INFORMATION GIVEN>

◇ ◇ ◇

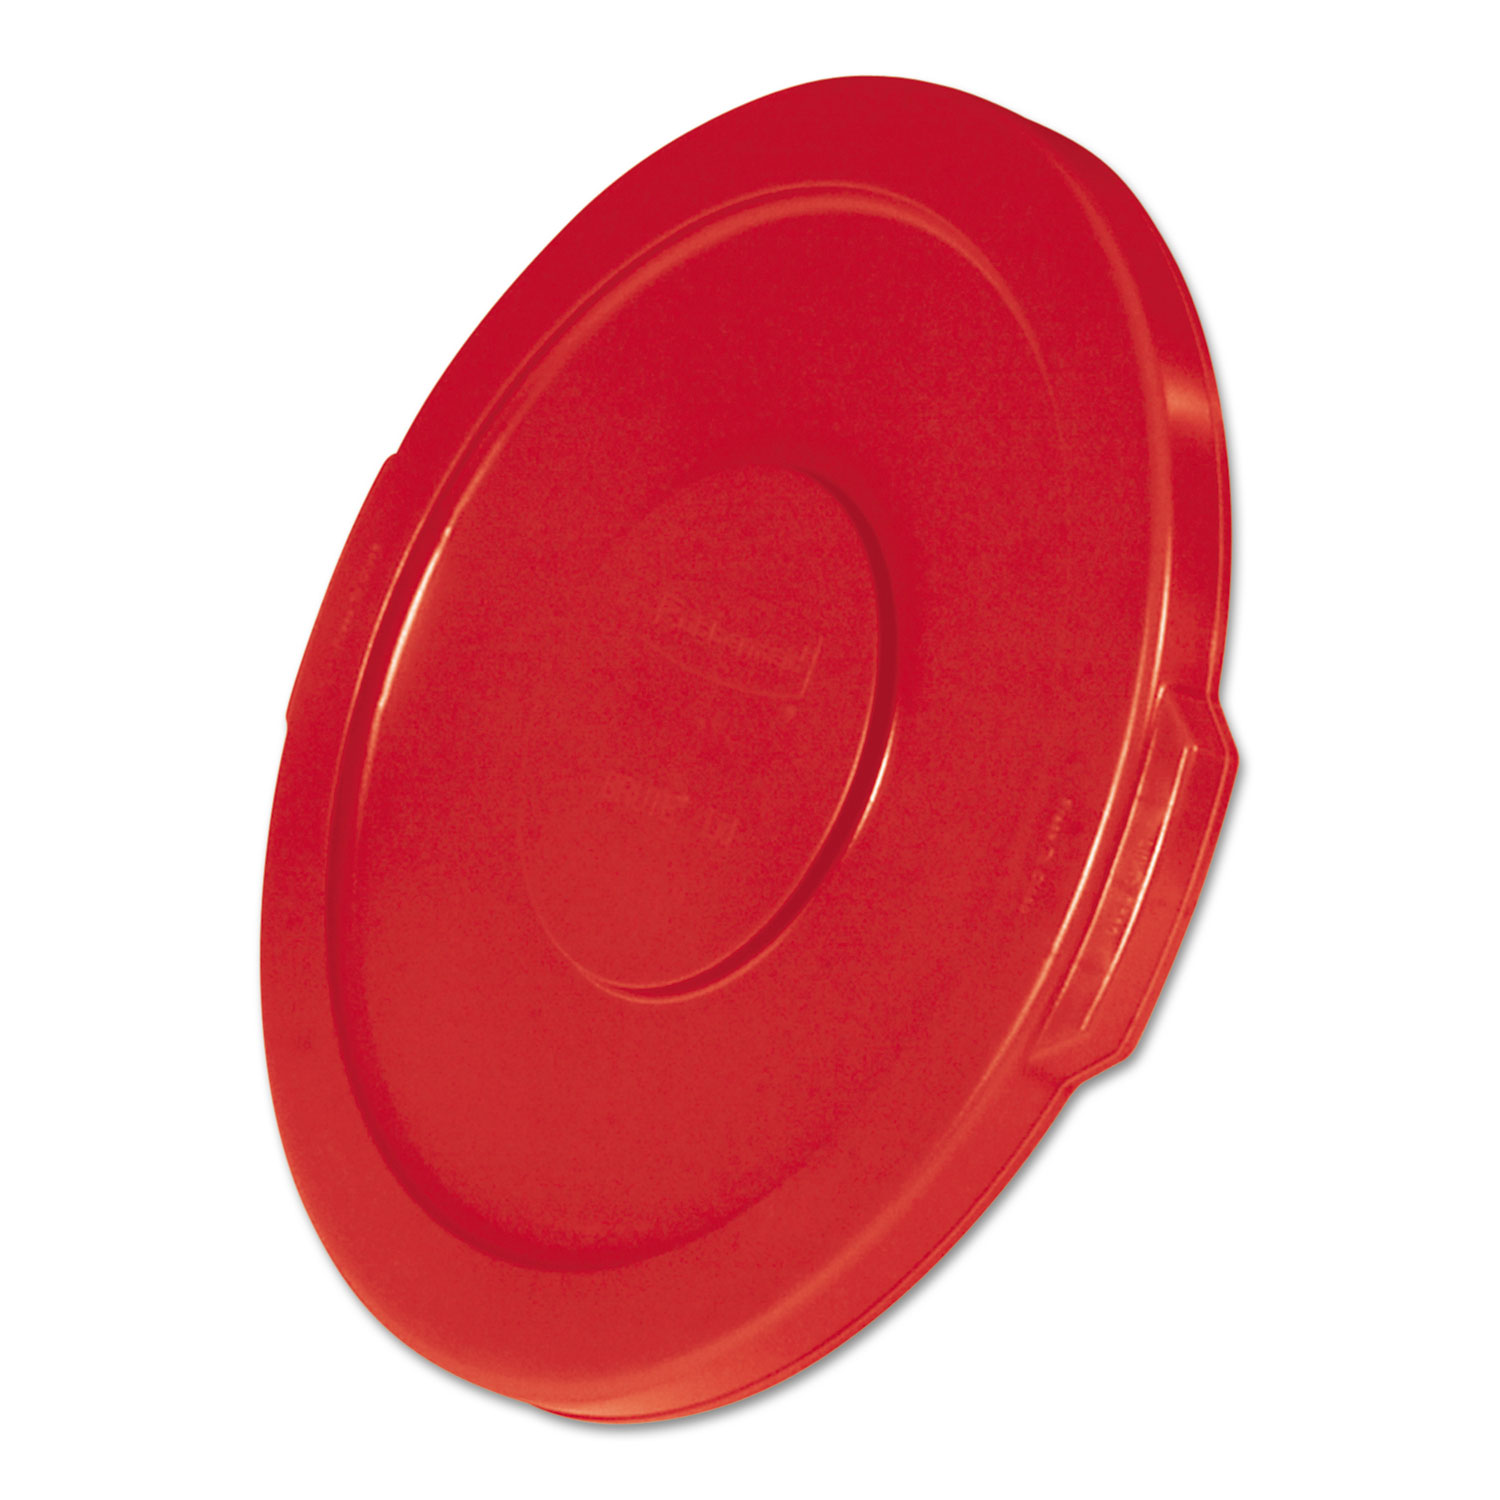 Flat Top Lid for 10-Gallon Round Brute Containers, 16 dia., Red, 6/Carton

◇ ◇ ◇

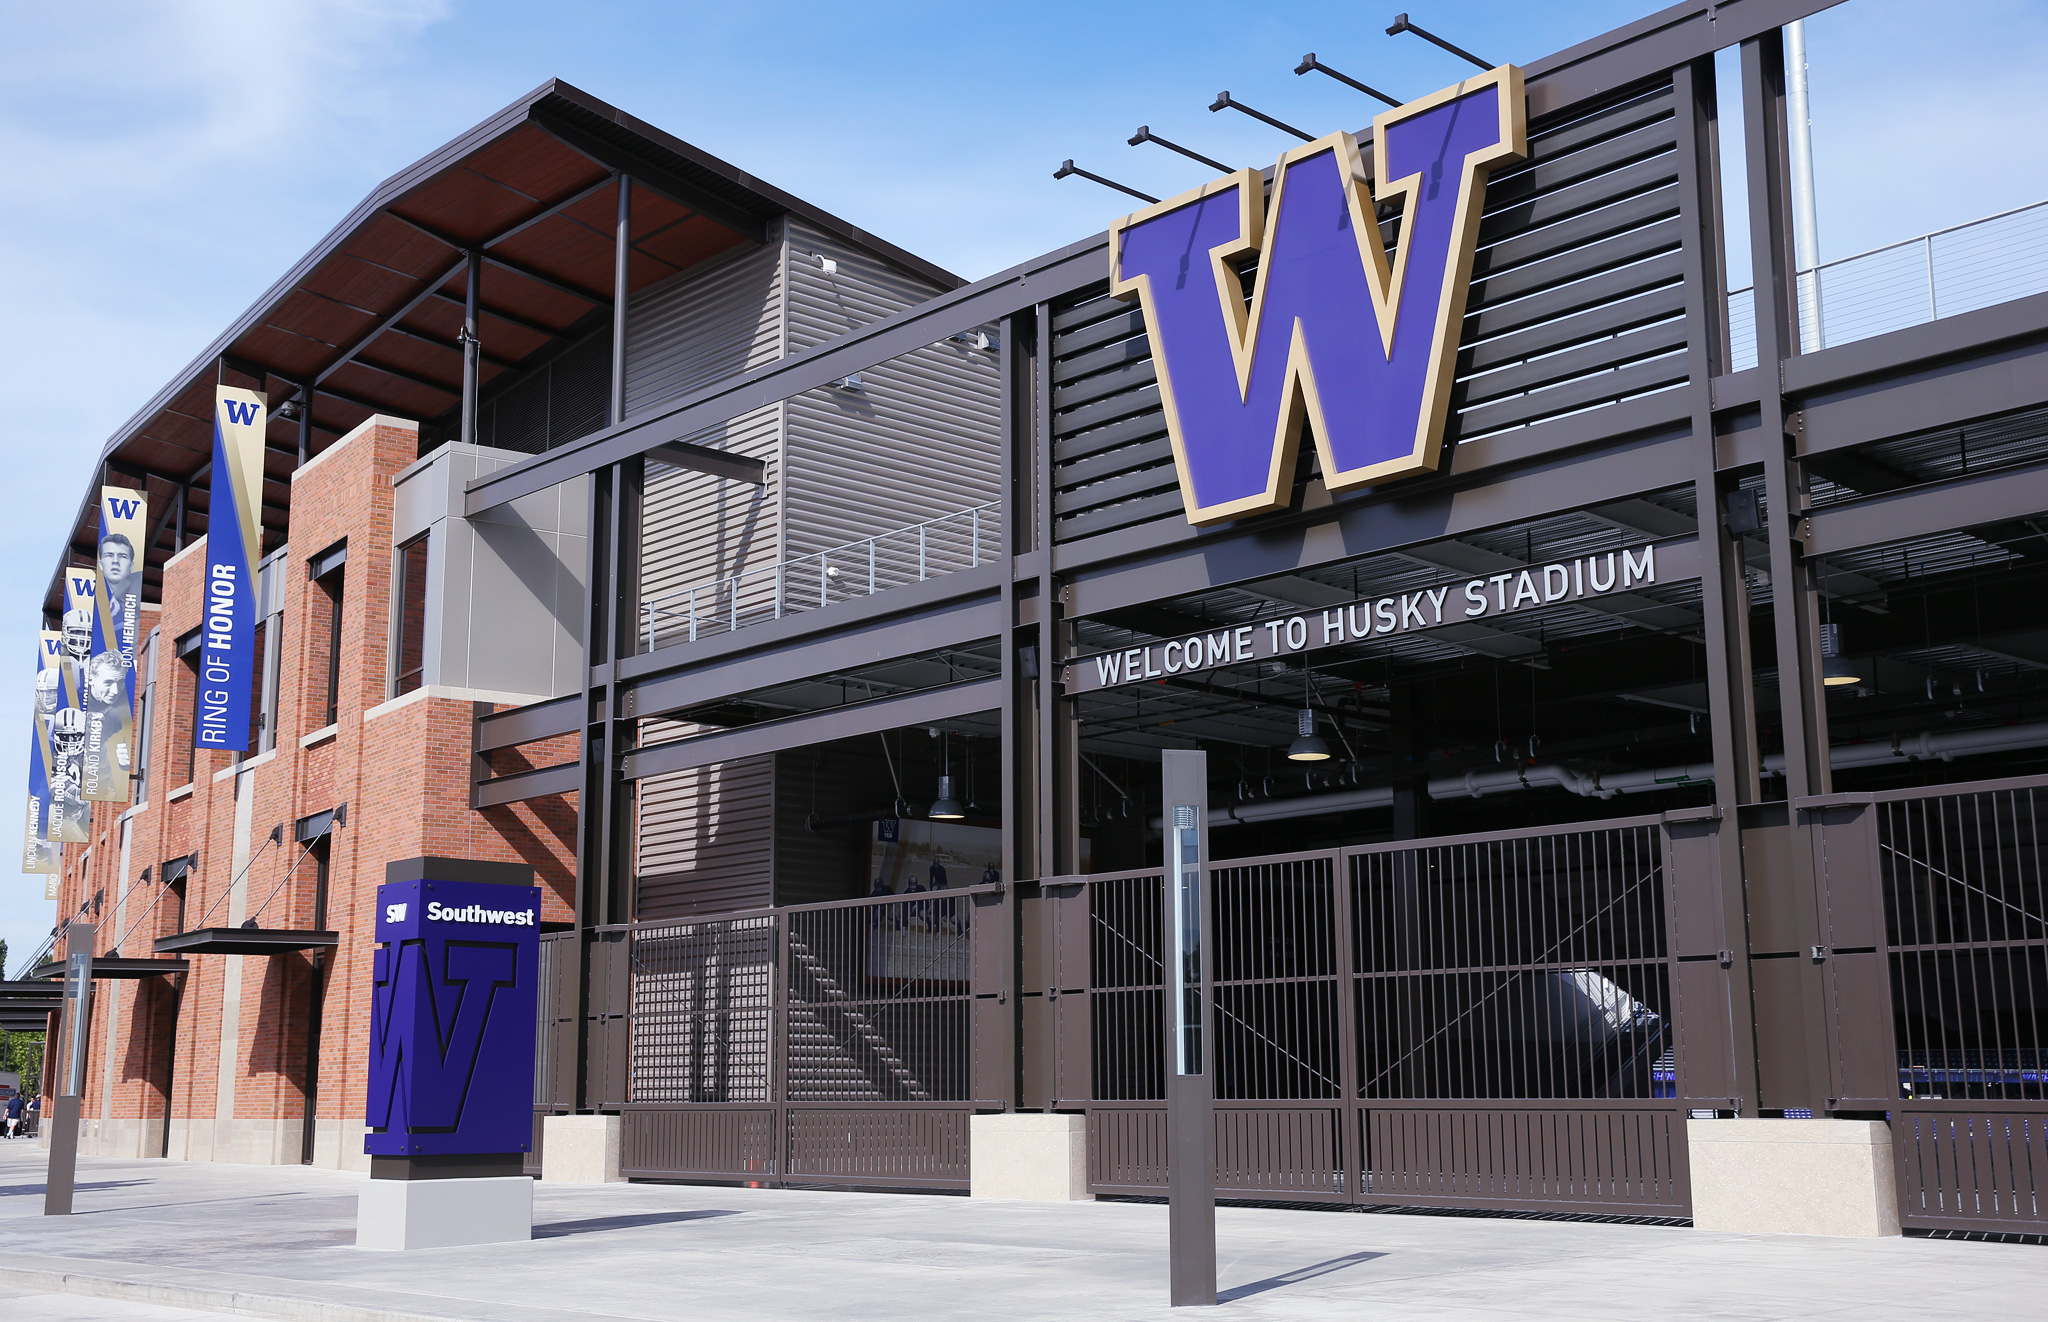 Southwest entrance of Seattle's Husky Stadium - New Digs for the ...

◇ ◇ ◇

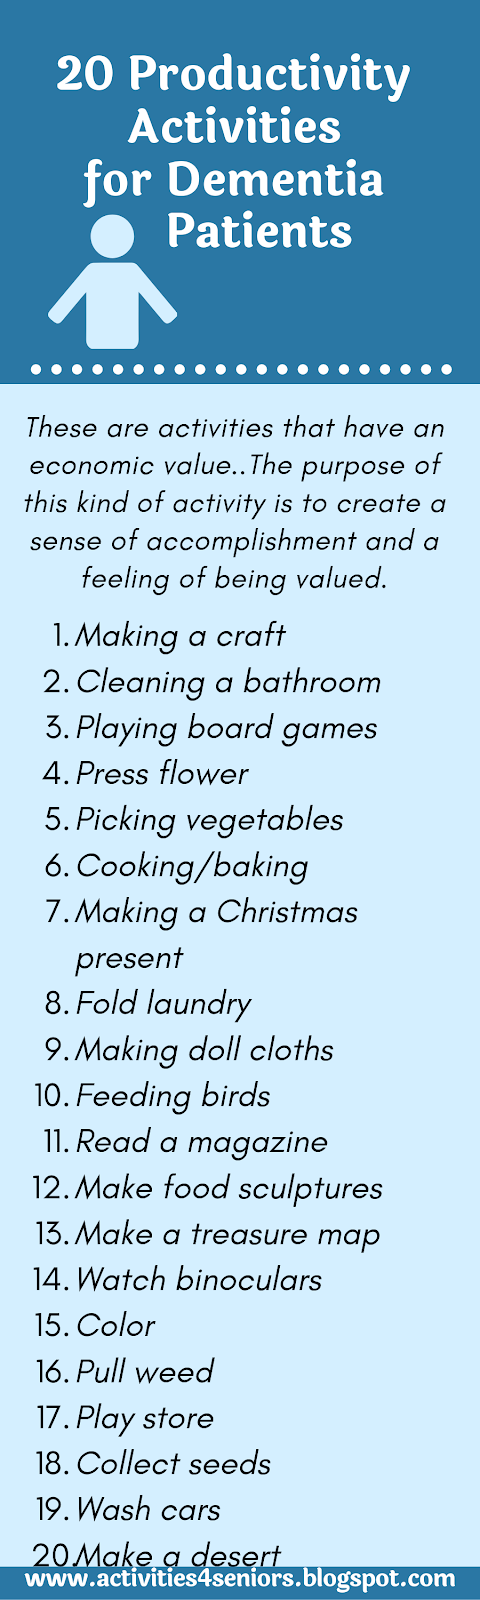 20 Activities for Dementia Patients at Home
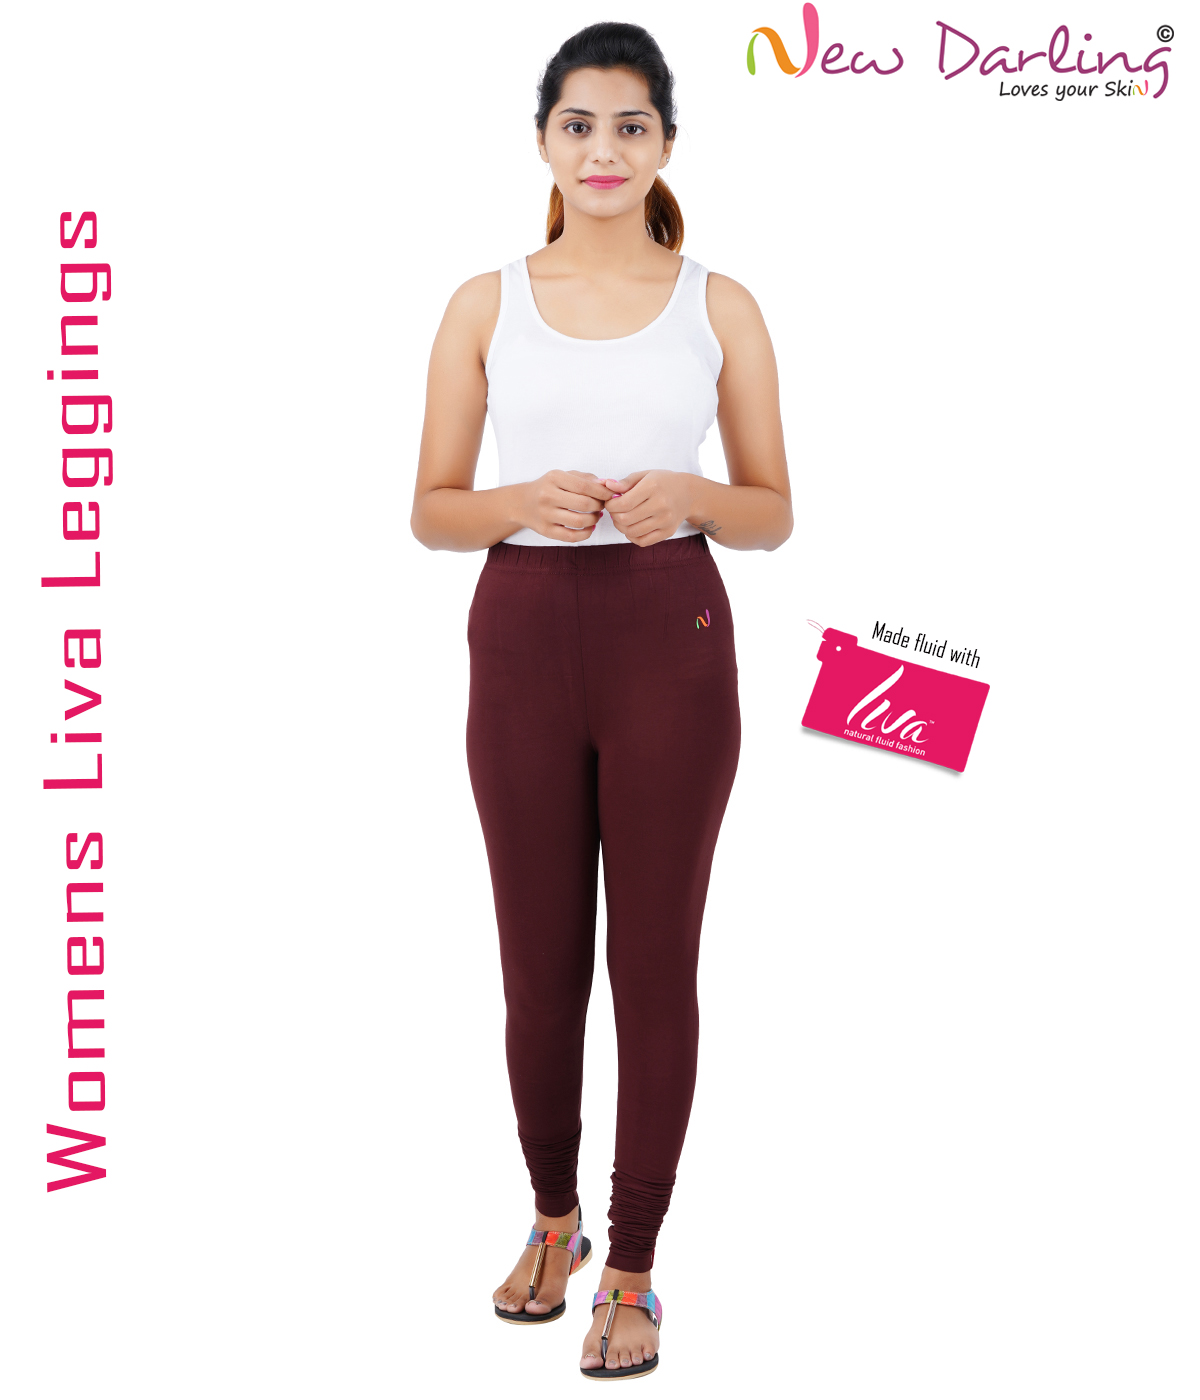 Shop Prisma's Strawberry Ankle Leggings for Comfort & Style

◇ ◇ ◇

Write out word for word the lines above that run from the one with "20 Activities for Dementia Patients at Home" to the one with "Shop Prisma's Strawberry". Include both end lines; exclude the images.

RESPONSE AREA>
 20 Activities for Dementia Patients at Home
 Shop Prisma's Strawberry Ankle Leggings for Comfort & Style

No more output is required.